# High pivots



## Sparticus (Dec 28, 1999)

When Forbidden introduced their Druid high pivot bike three years ago, I thought, "OMG -- mountain bikes have finally truly become amazinger!"

That's right, I actually thought, 'amazinger.'

But what happened to high pivot bikes? Lots of bike companies jumped on the band wagon in the interim (and are still jumping on) but from my distant vantage point high pivots appear to be like oval chainrings -- some people swear by them and some people swear at them. They certainly haven't taken the marketplace over.

I have the impression that high pivots are great for shuttle runs because they soak up rough DH terrain better than anything. Meanwhile for climbing or popping, not so much. Maybe that's not accurate. Can't say -- I haven't ever ridden a high pivot frame.

So... ARE high pivot frames actually amazinger?

Or are they just another option, horses for courses and all that?

If you have a high pivot bike, what do you like about it? What do you dislike about it?
Would you buy another?
If you're considering buying a high pivot frame, what factors are influencing your decision?

Thanks!
=sParty


----------



## goldsbar (Dec 2, 2004)

Grand total of one day on a high pivot DH bike rental. That rear end soaked up everything and was glued to the ground. Not remotely poppy. Took my capabilities up a notch for sure. It was also the worst climbing experience I've had in my life. Maybe 50 vertical feet and well under a minute, but it felt like it was sucking the life out of me on every pedal stroke.

Now of course it was a DH bike and they all have these characteristics. This one just seemed to have both more of the positives and negatives, but so hard to tell how much was the high pivot as I'm not very experienced with DH bikes.

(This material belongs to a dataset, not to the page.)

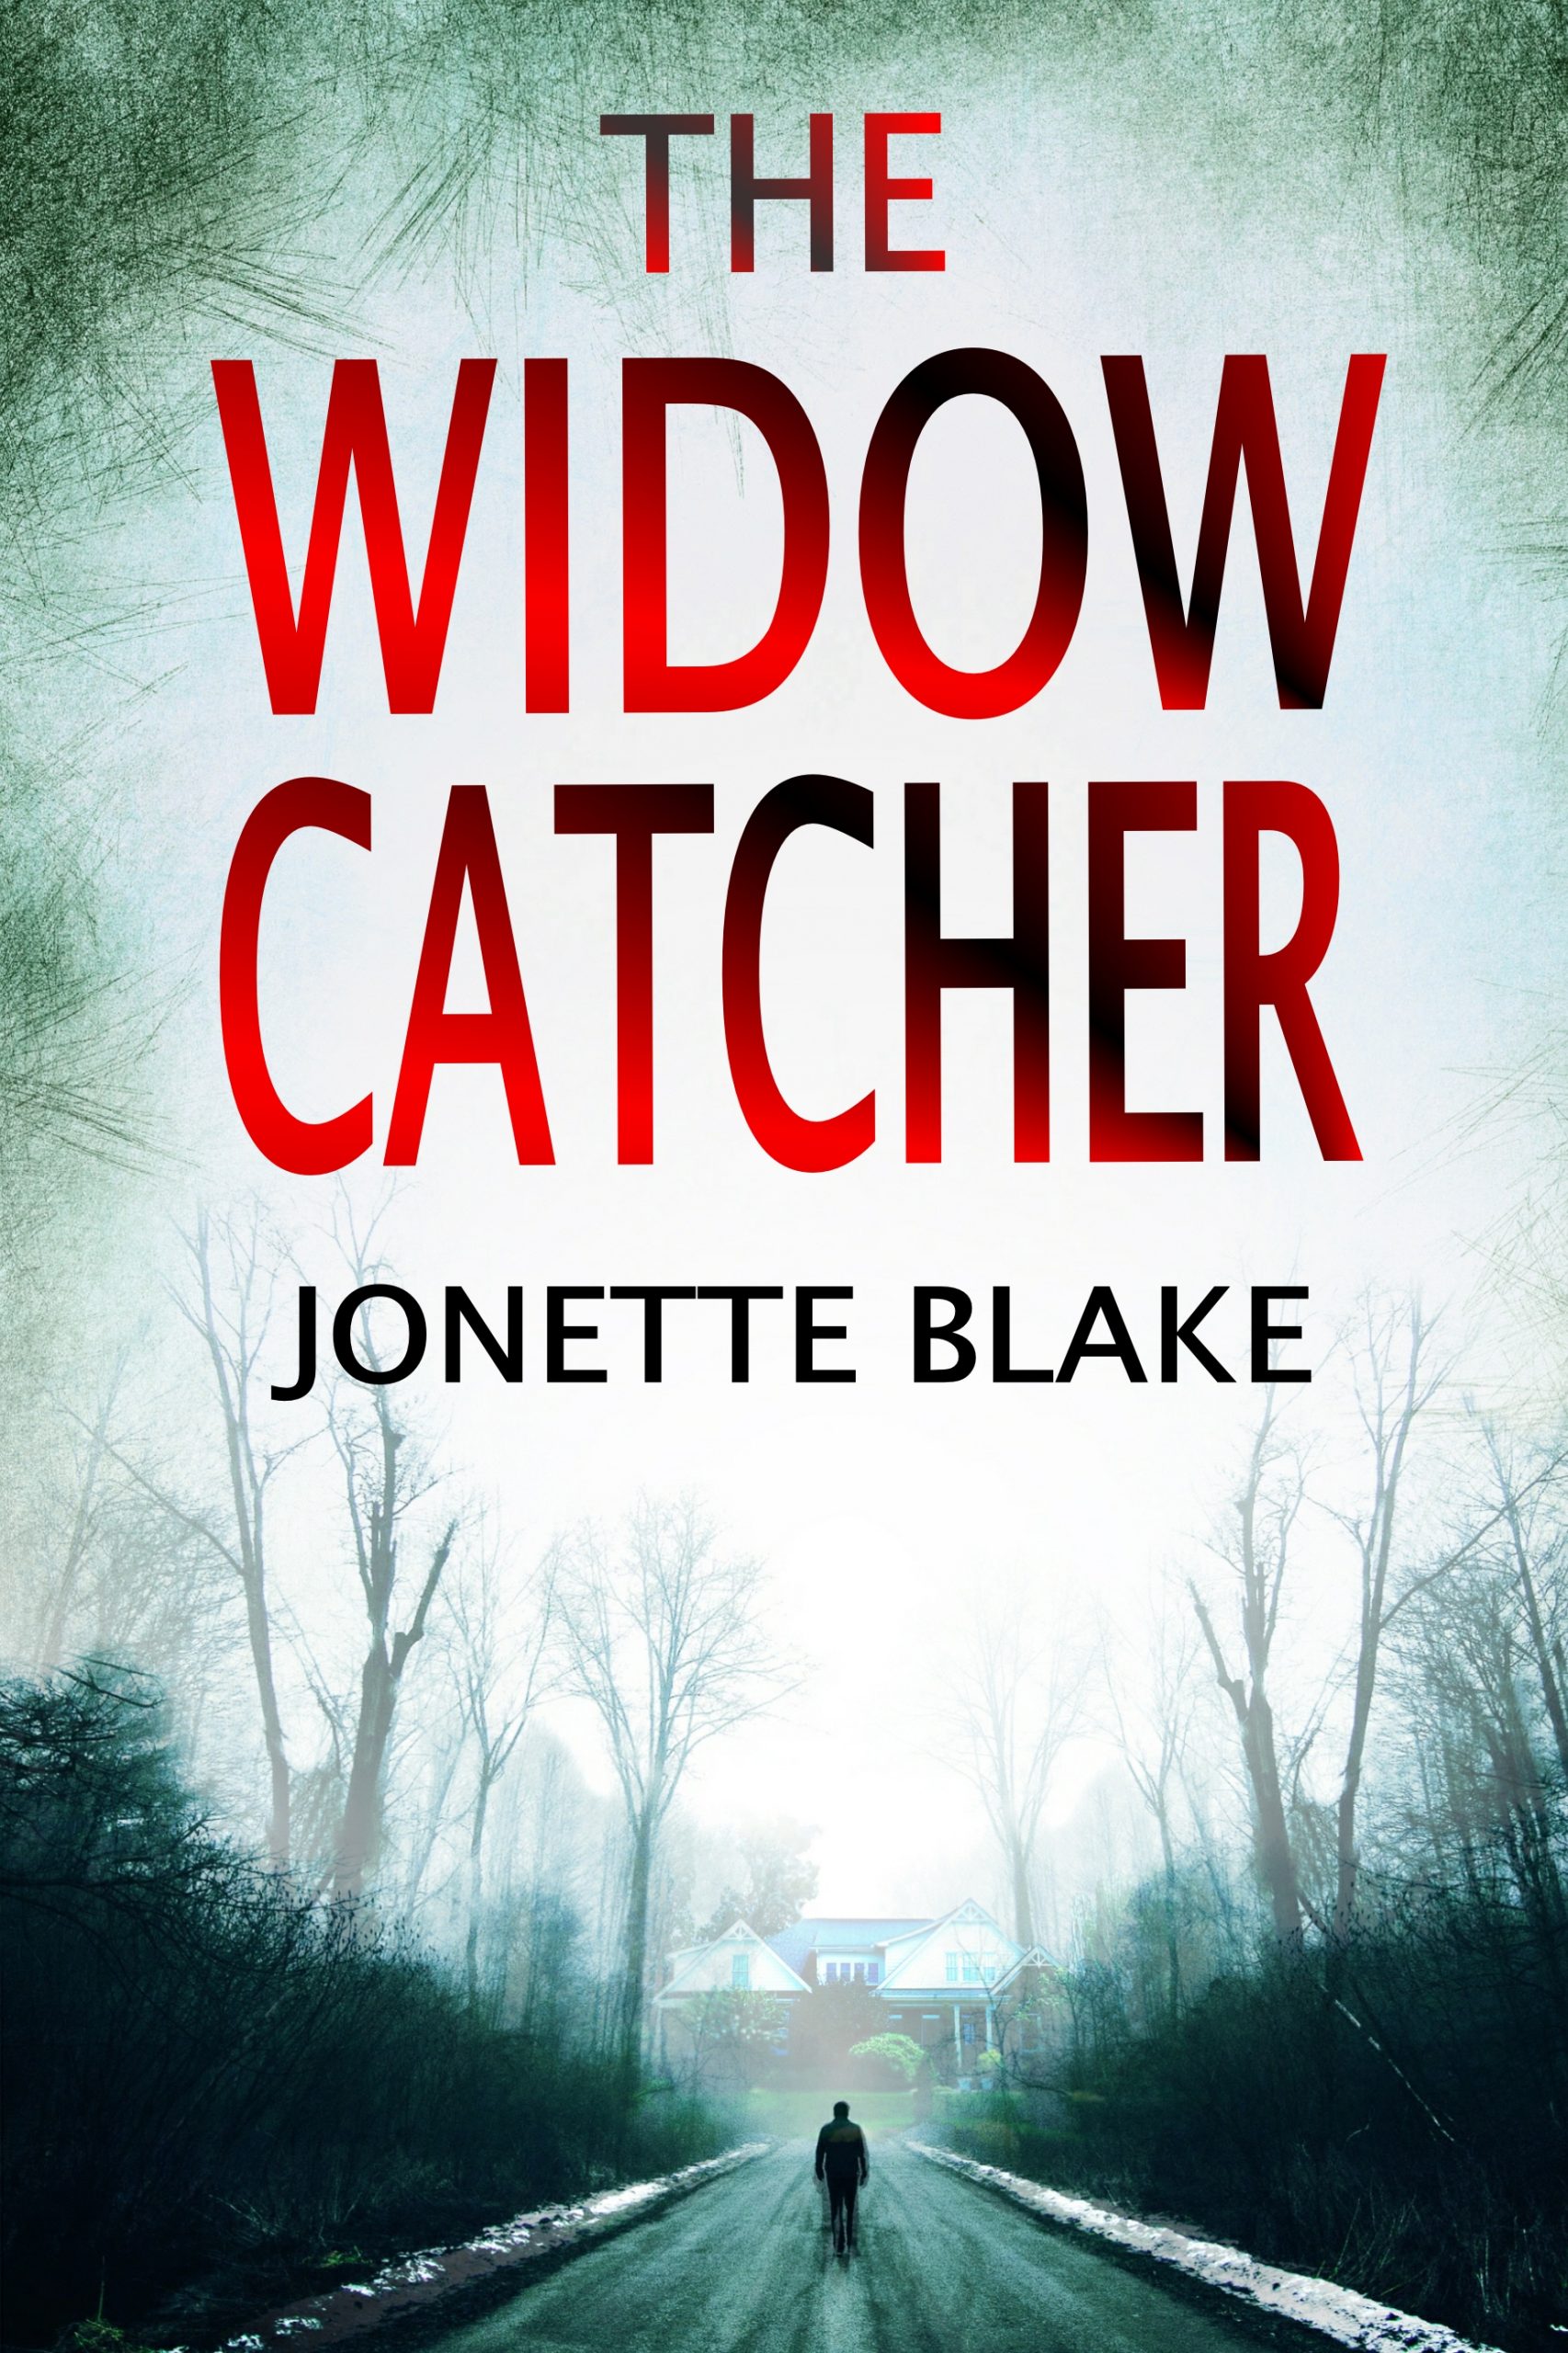 The Widow Catcher by Jonette Blake

PS: There was a recent thread on this very topic


----------



## Sparticus (Dec 28, 1999)

goldsbar said:


> PS: There was a recent thread on this very topic


Oops... I must have missed that.
Sorry if I created a dupe thread.
=sParty


----------



## Sanchofula (Dec 30, 2007)

Okay, you asked:

Having your rear wheel move back and out of the way on impact sounds really good ... on paper that is.

In reality, riding a high pivot on anything but the downs is akin to walking in dry sand: It's soft, it's forgiving, but good luck doing anything quick.

I have turned many frames over the years, usually I ride a frame for six to nine months before trying the next great thing. The same can be said of my experimentation with linkage forks; I am now retired from that game 

That said, I have only given up one frame up within a month: A high pivot Druid.

Like Goldsbar wrote, a high pivot sucks the life out of your riding.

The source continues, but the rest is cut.